Word for word, copy out the data below, omitting pictures.

- **The data**:
-------
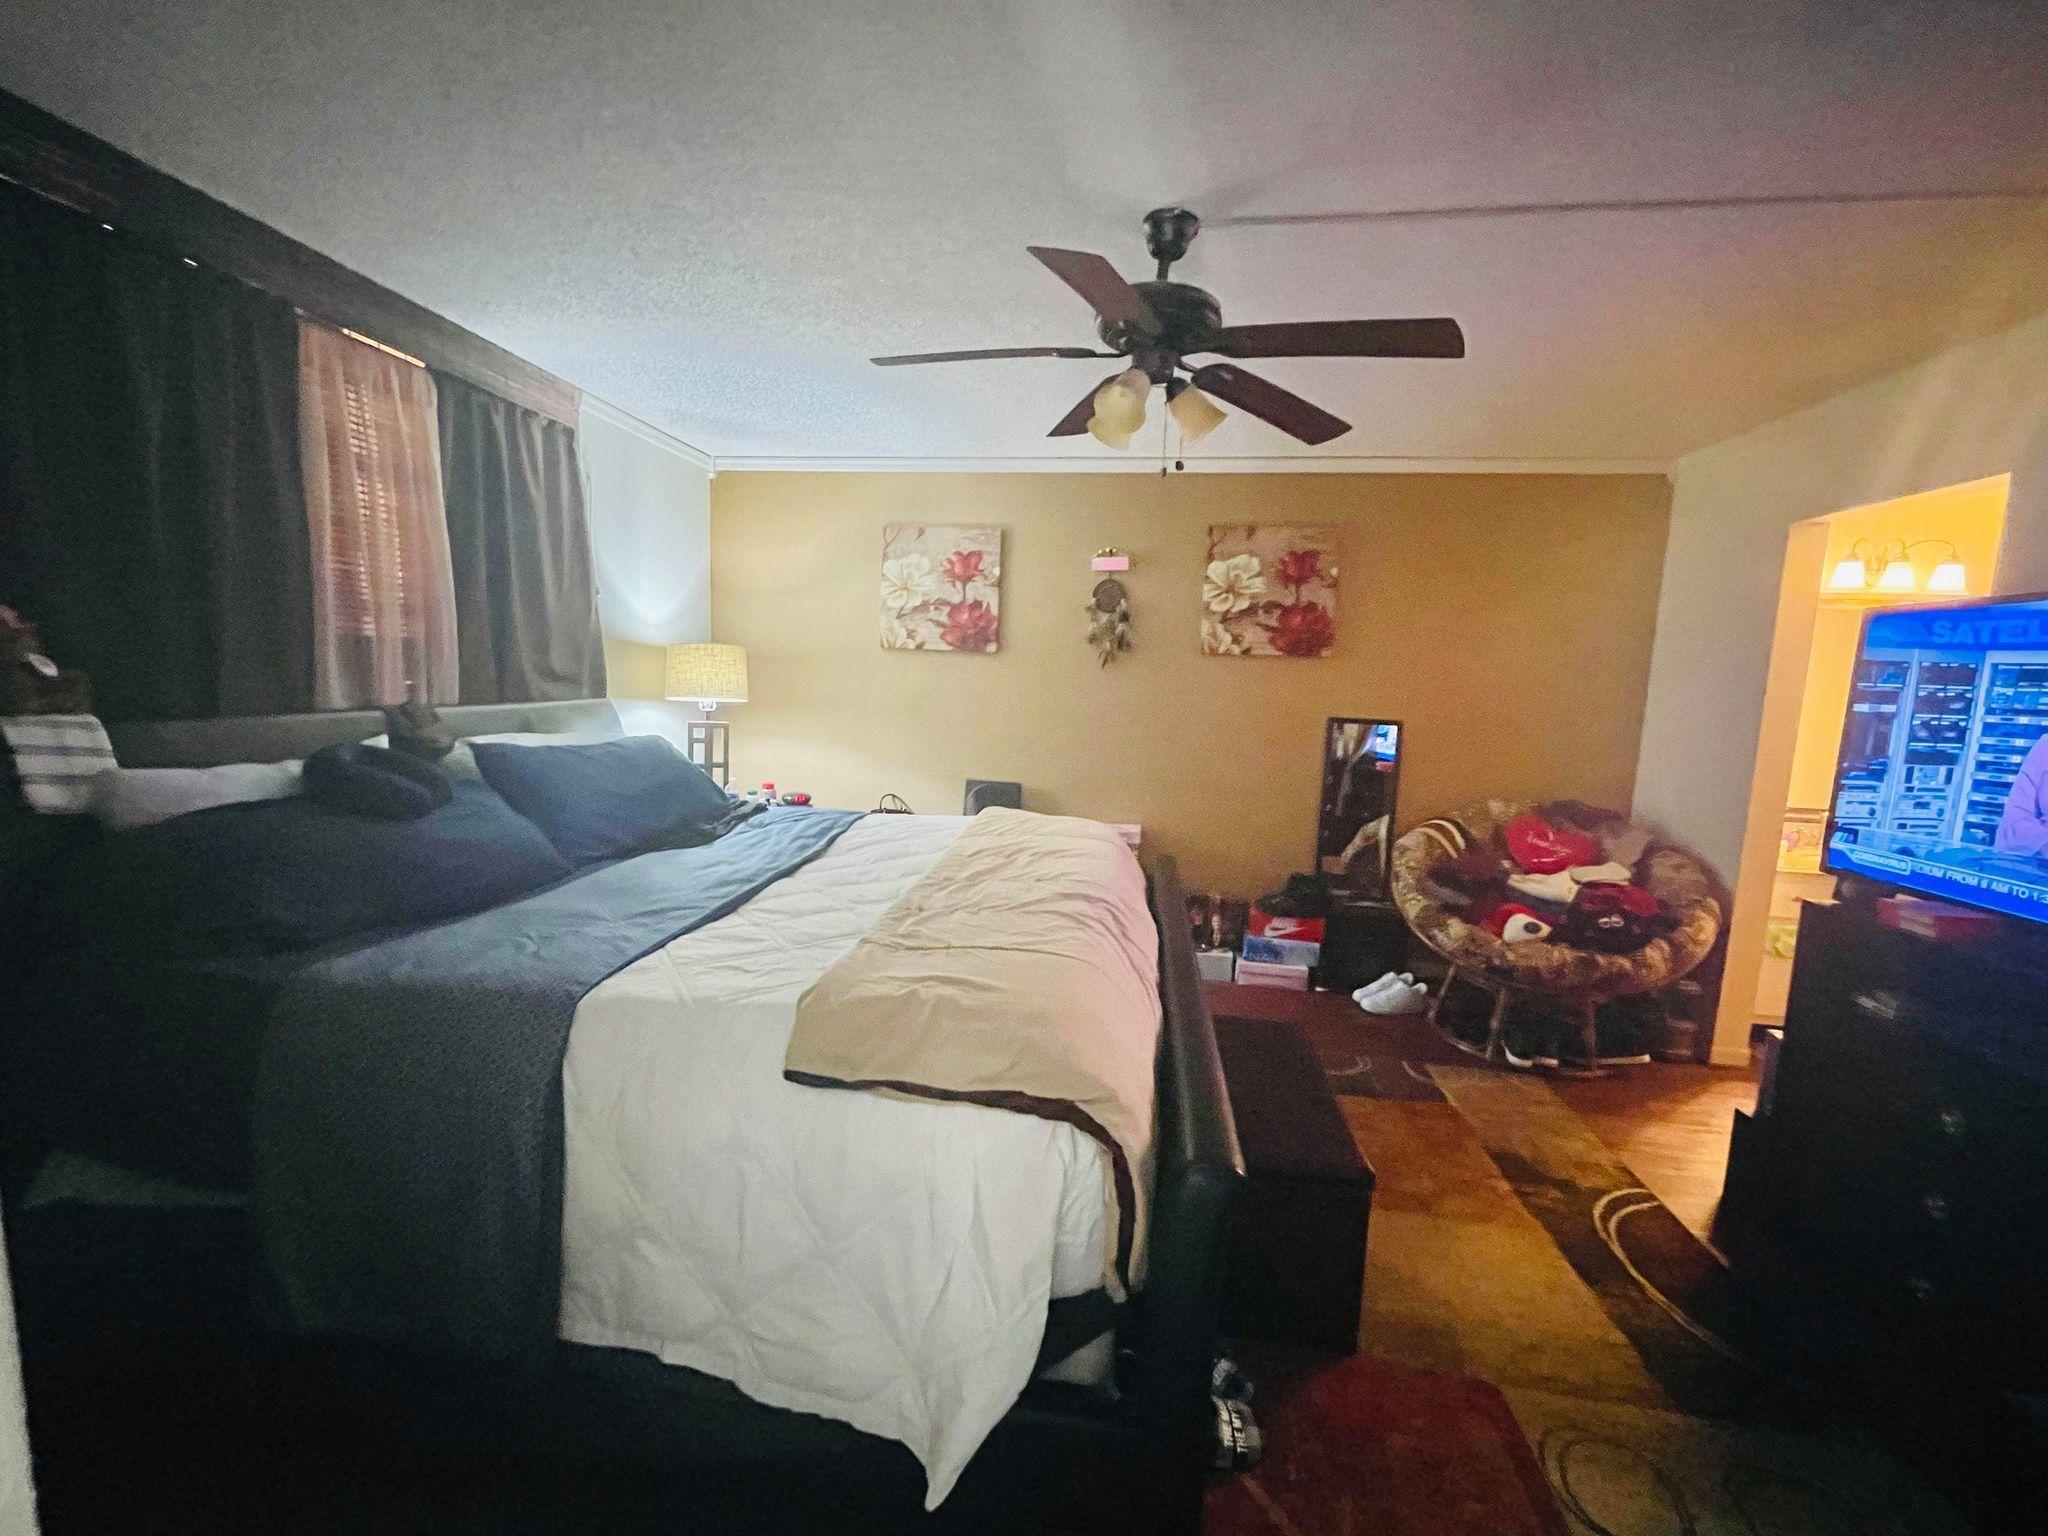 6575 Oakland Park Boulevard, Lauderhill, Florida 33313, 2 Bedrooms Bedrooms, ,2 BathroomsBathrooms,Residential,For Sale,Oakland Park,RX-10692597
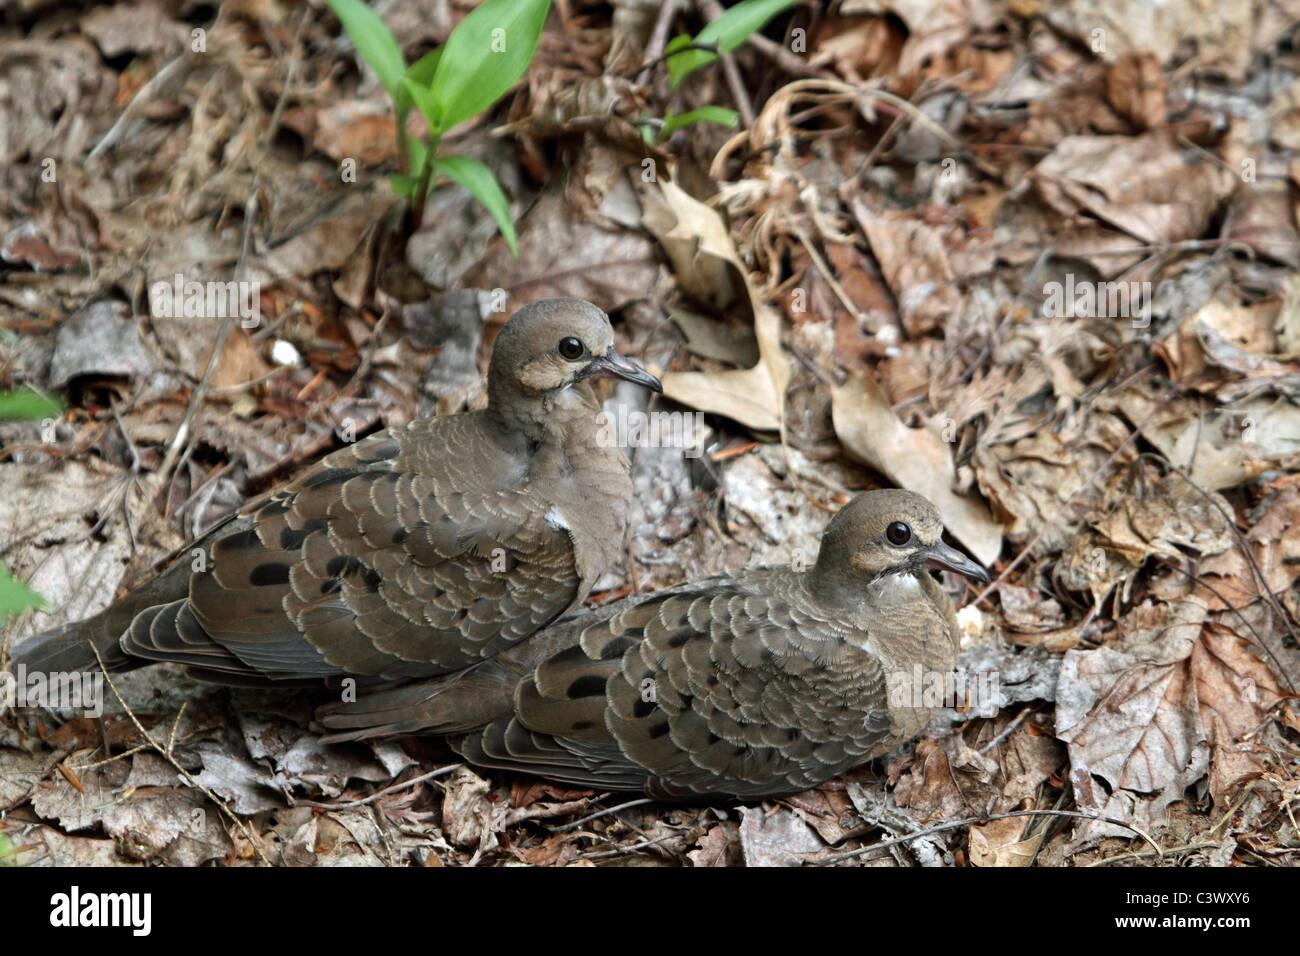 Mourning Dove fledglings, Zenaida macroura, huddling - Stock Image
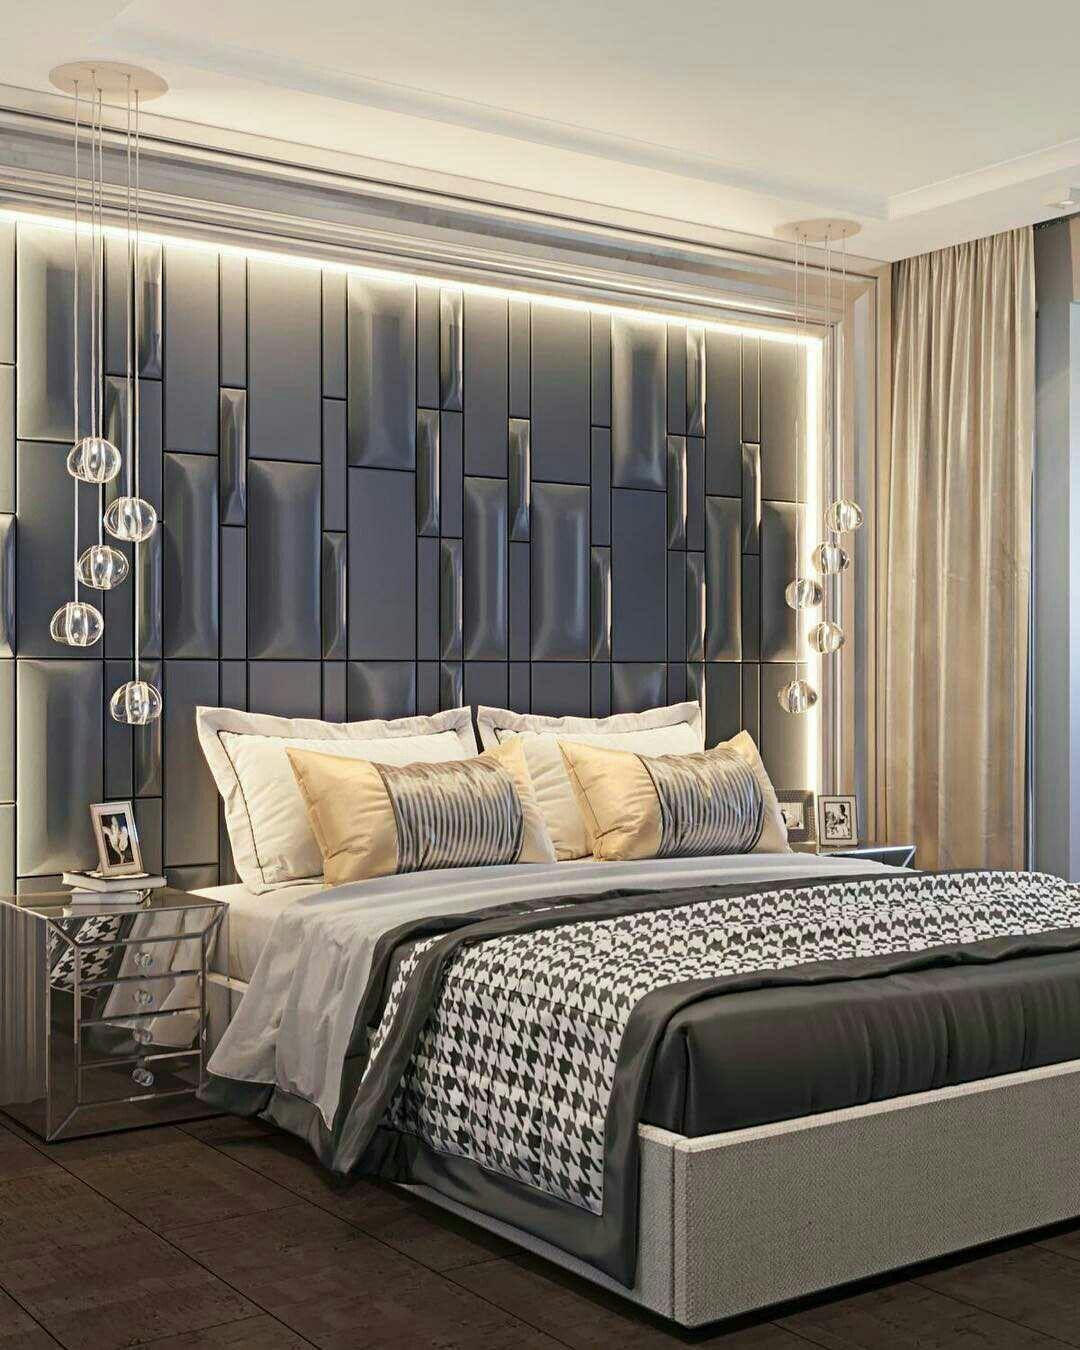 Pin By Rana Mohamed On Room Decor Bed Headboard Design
-------
- **Result for this exercise**:
 6575 Oakland Park Boulevard, Lauderhill, Florida 33313, 2 Bedrooms Bedrooms, ,2 BathroomsBathrooms,Residential,For Sale,Oakland Park,RX-10692597
 Mourning Dove fledglings, Zenaida macroura, huddling - Stock Image
 Pin By Rana Mohamed On Room Decor Bed Headboard Design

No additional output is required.